*** Dataset ***

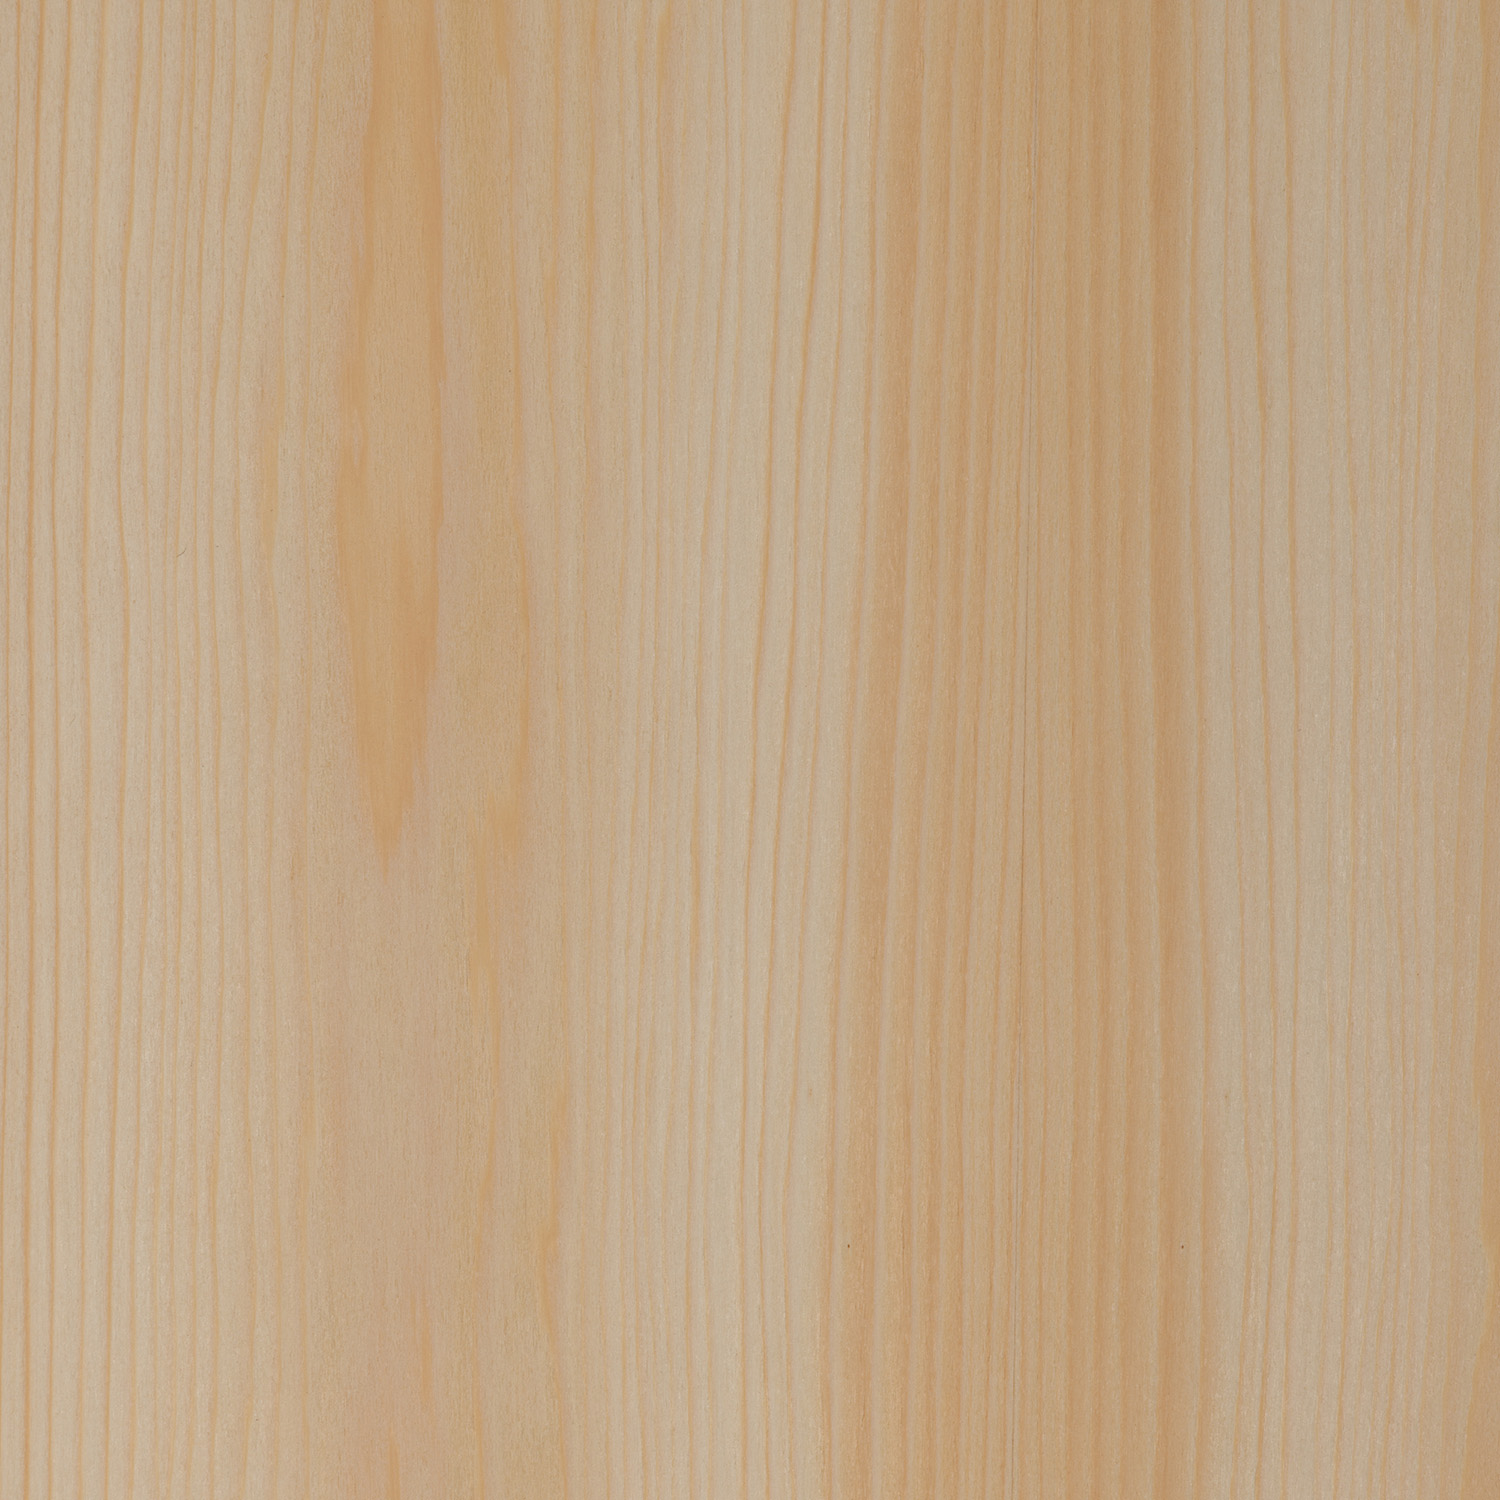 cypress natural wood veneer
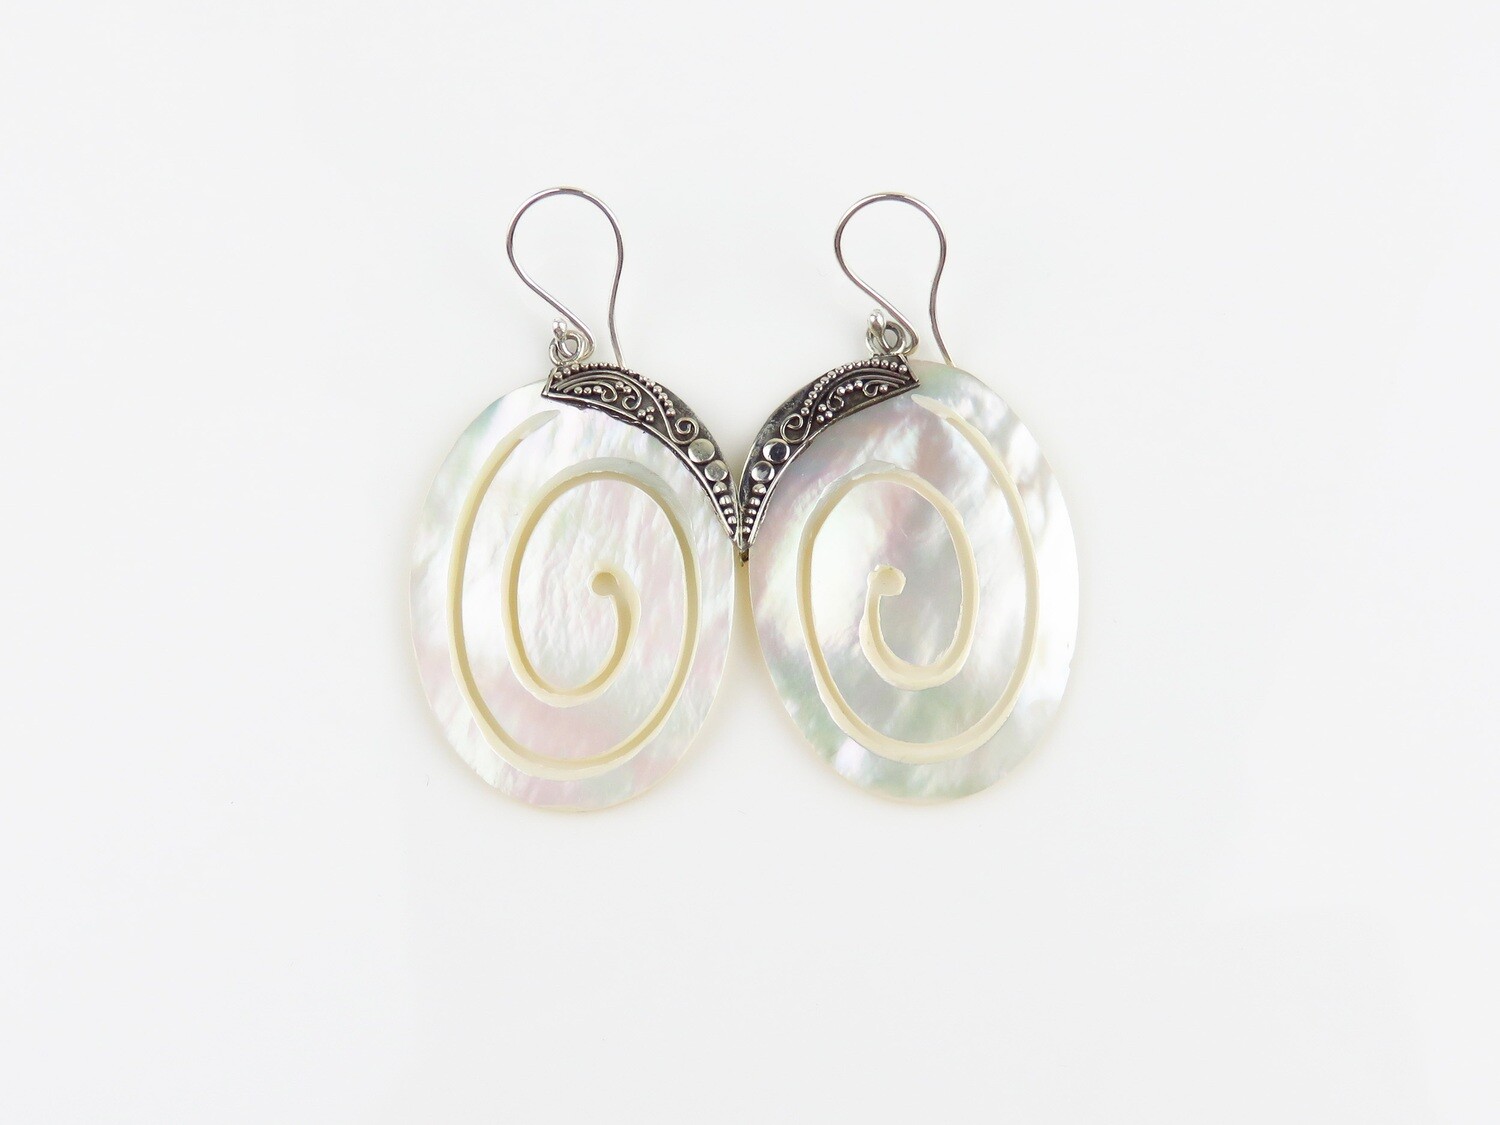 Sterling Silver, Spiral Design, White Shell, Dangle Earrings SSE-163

*** End of Dataset ***
*** Dataset ***

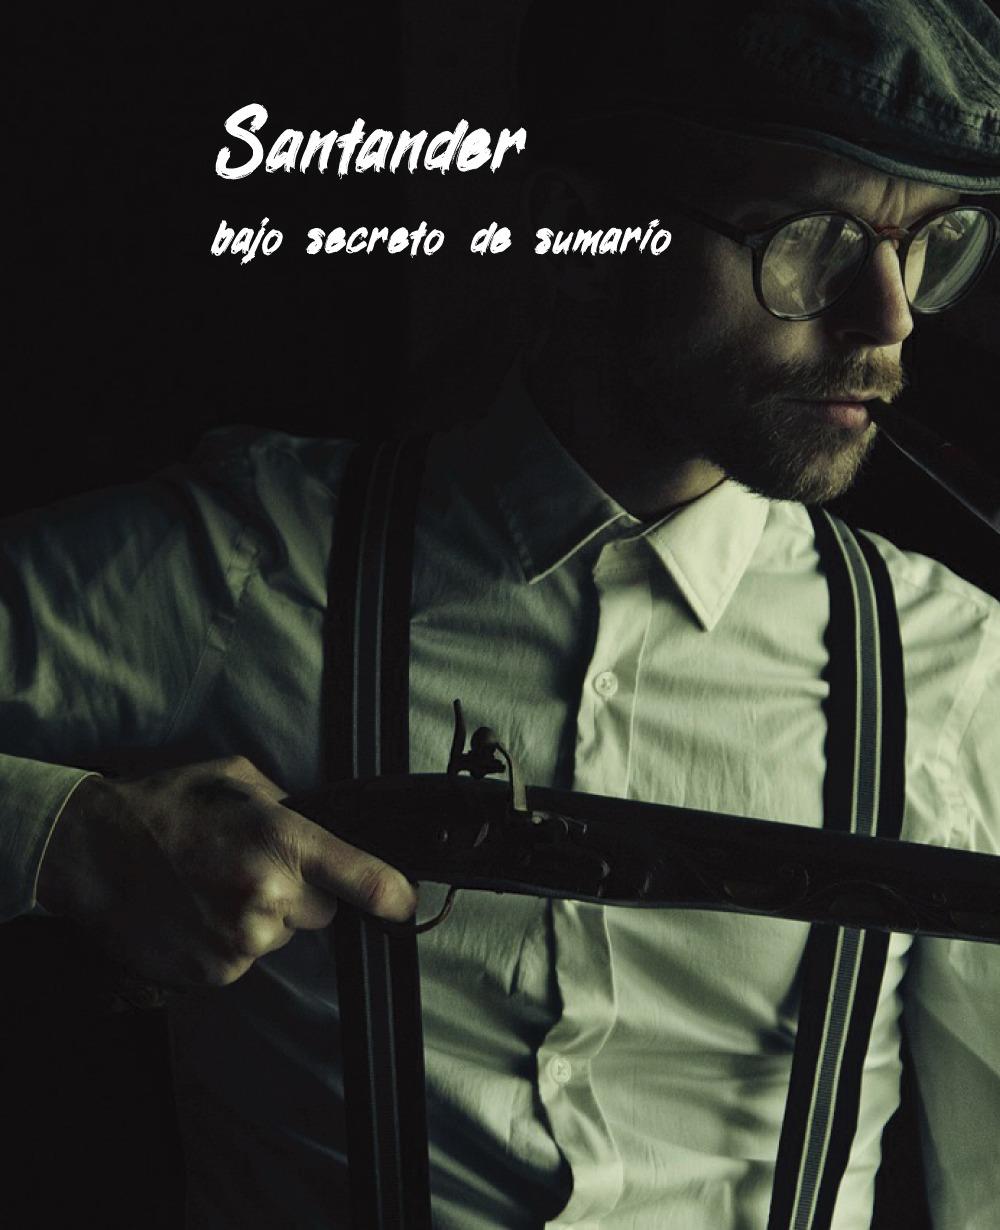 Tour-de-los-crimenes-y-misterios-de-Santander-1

*** End of Dataset ***

* Task details *
Copy only what lies between the line with "cypress natural wood veneer" and the line with "Sterling Silver, Spiral", those two lines included, exactly as given above; pictures stay out.

* Completed task *
 cypress natural wood veneer
 Sterling Silver, Spiral Design, White Shell, Dangle Earrings SSE-163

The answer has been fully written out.